I'm making my first steps to writing code to process input coming from a differential bus transceiver. I have the standard that shows max/min times of the pin being high low for what out put *if you are interested it is a dmx signal* but I'm confused as how to work out say, the input goes 10101 but due to timing it is actualy 1000101 as it was low for 3 lengths. I can think of ways to do this If the standard was, each bite is 3us long, but it is between Xus and Yus for this code and Xus and Yus for this folowing code, making a full packet short or long. Also a clock line would ebe great, but all I get s the one data line.


Sorry if that was rambling or there is posts about this but im not to sure what to search fr as I dont know the name of the method used to decode this input.

Thank you in advance of any help avalible.

Sol
 

beenthere

Joined Apr 20, 2004
15,819
Asynchronous inputs are very hard to handle.

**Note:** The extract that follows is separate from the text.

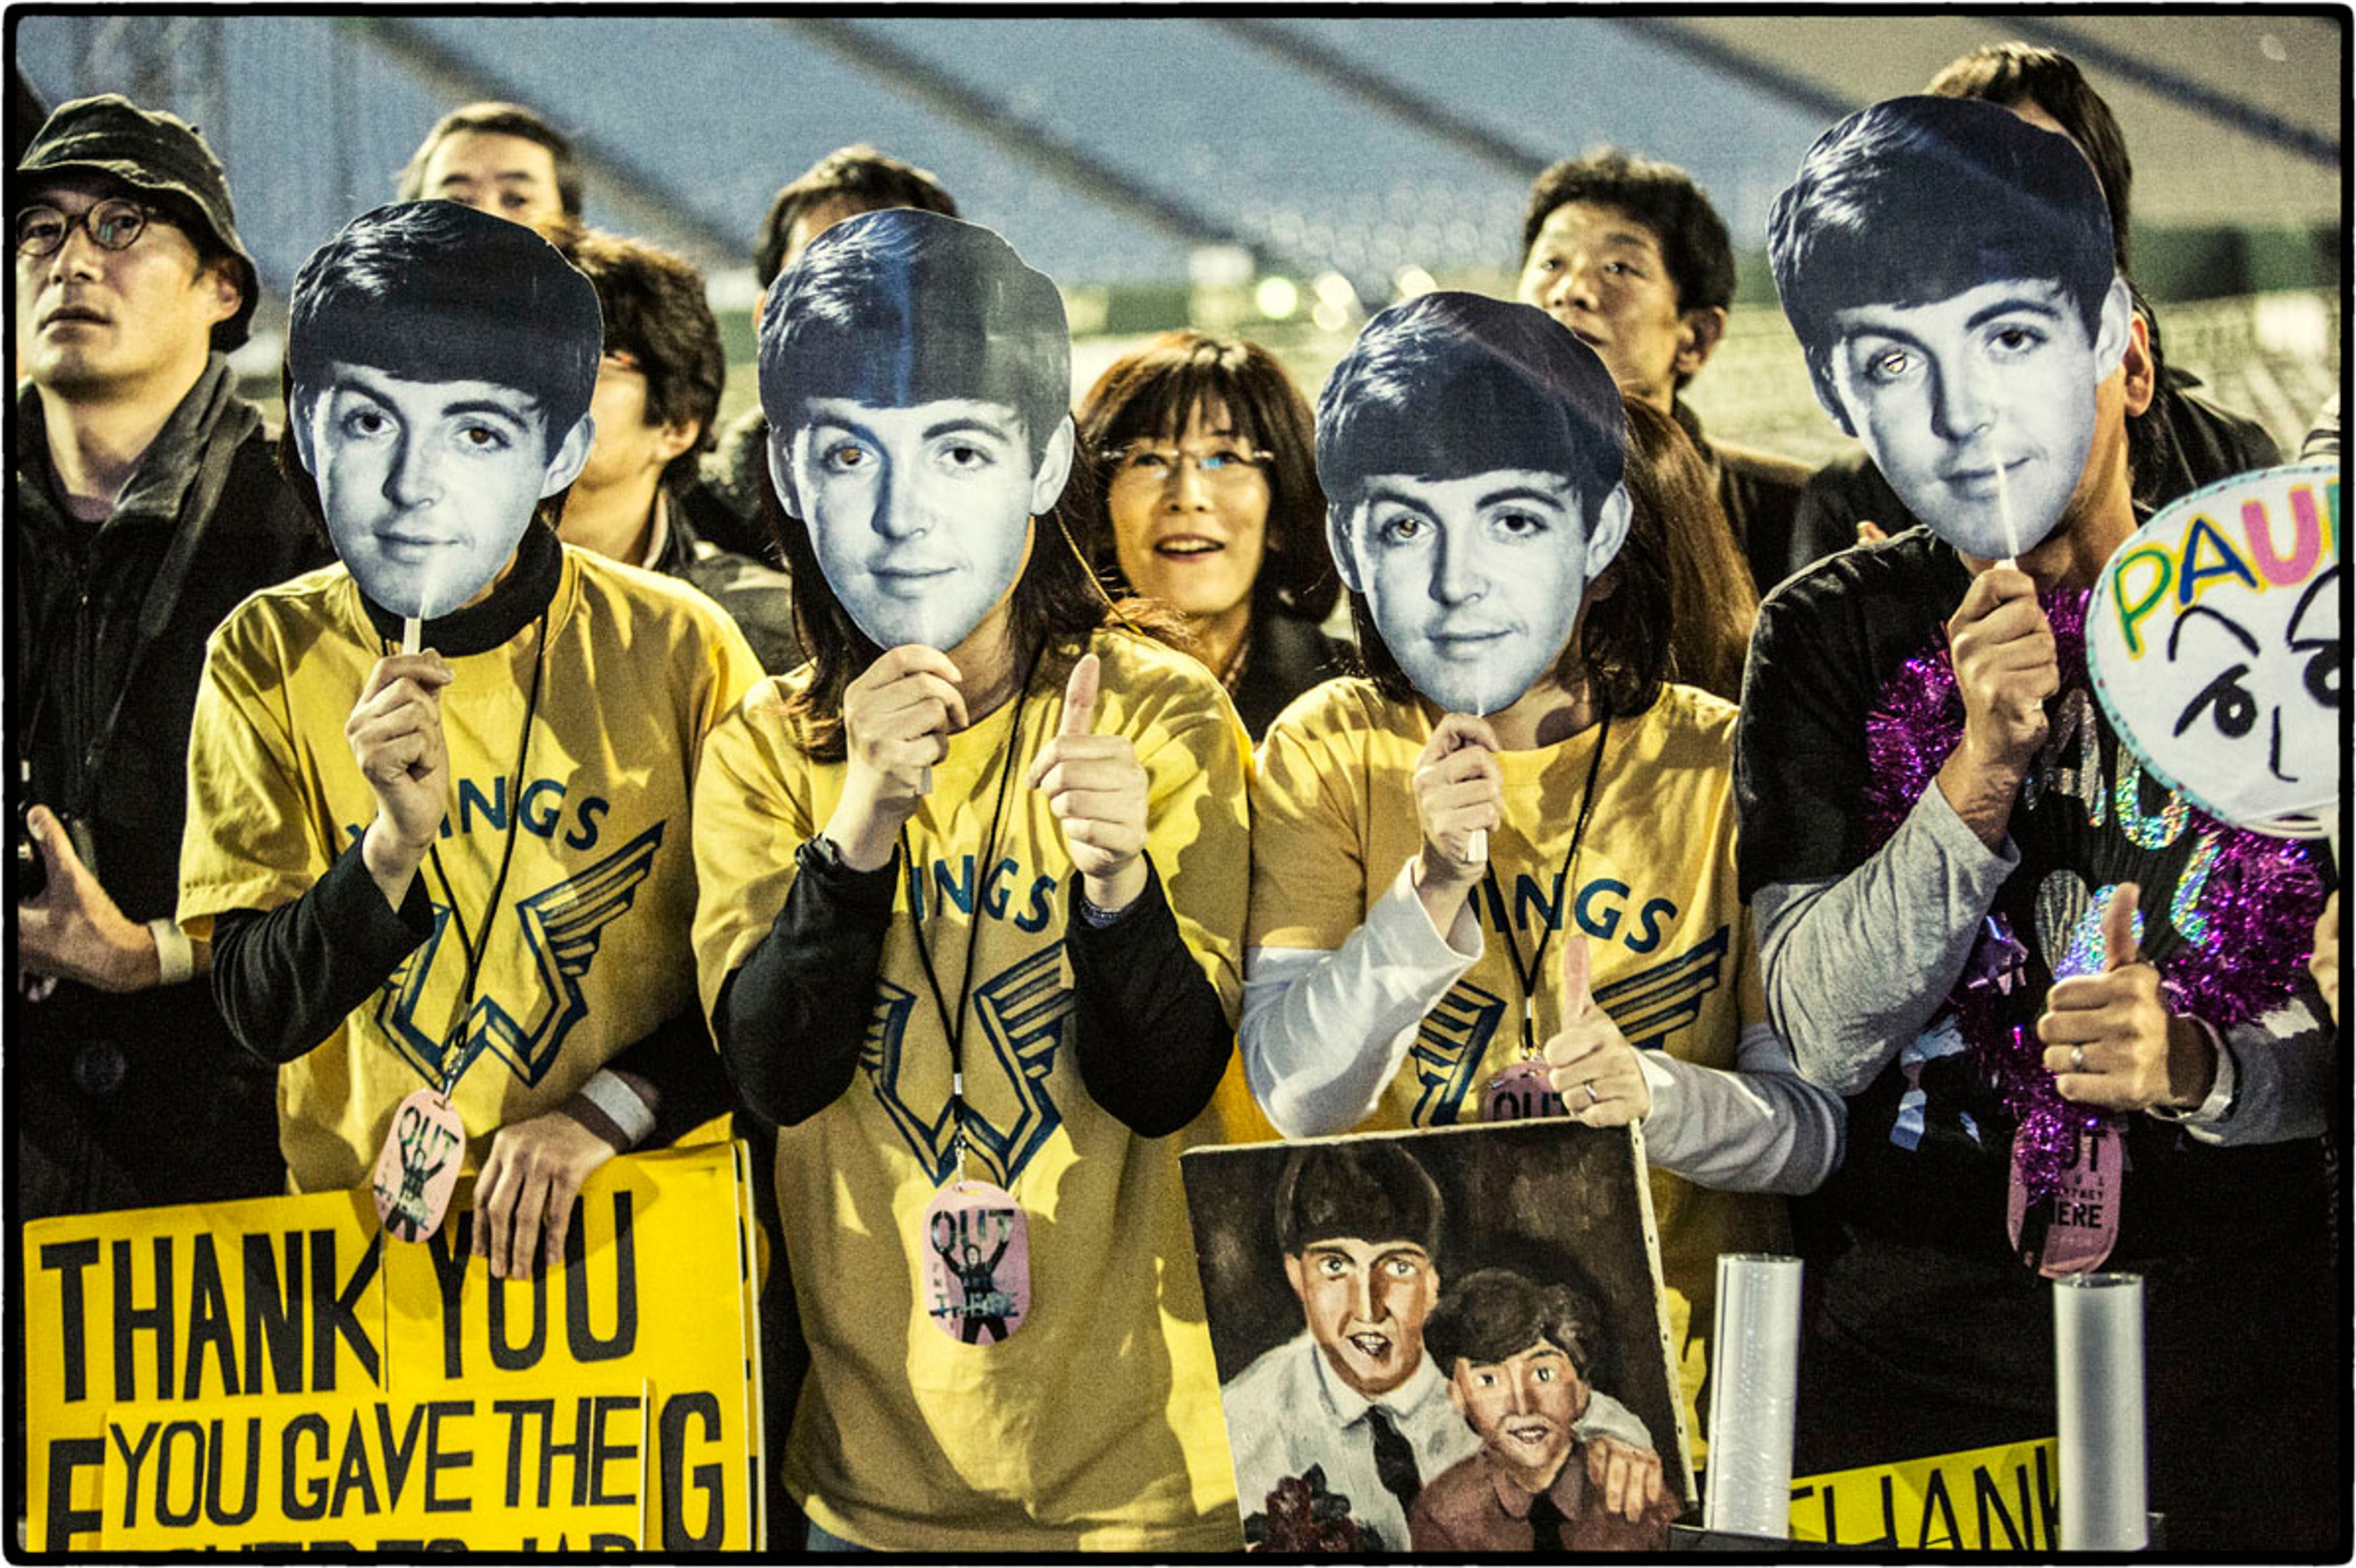 Fans at the Tokyo Dome soundcheck, Tokyo, 21st November 2013

If you cannot reference to a clock signal, there is no way to be sure if your input sampling in any way resembles the data rate. Is this some kind of challenge?

The old 5 1/4 disk drives has some similar problems. The solution was to place unambiguous bit sequences to clue the logic as to where the data started, and to encode the data so as to eliminate strings of 1's or 0's that would have been unreadable.

The other way to approach this is to reformat the bus data so you can use something like a hamming code to recover ambiguous bytes. Sounds like a lot of work for a poor old PIC.
 

Thread Starter

solexious

Joined Nov 20, 2007
55
mrmval: Yes I am using a dbt on my end, it decodes the signal into low/high for me then passes it to the pic.

benthere: there is a start bit at the start of the packet where it goes high for the longest period of time in the packet so I can get it to look for that so it knows its at the start of a packet?

Its and old system but its what is used as the control system in all uk theatres and a lot of the us.

A challenge it may be but looking at the hardware that runs things connected t dmx use pics so its not out of reach.

Will see if I can find digital version of the spec to link to as I only have a paid for paper version of the dmx512 standard.

Any more info that would be helpful?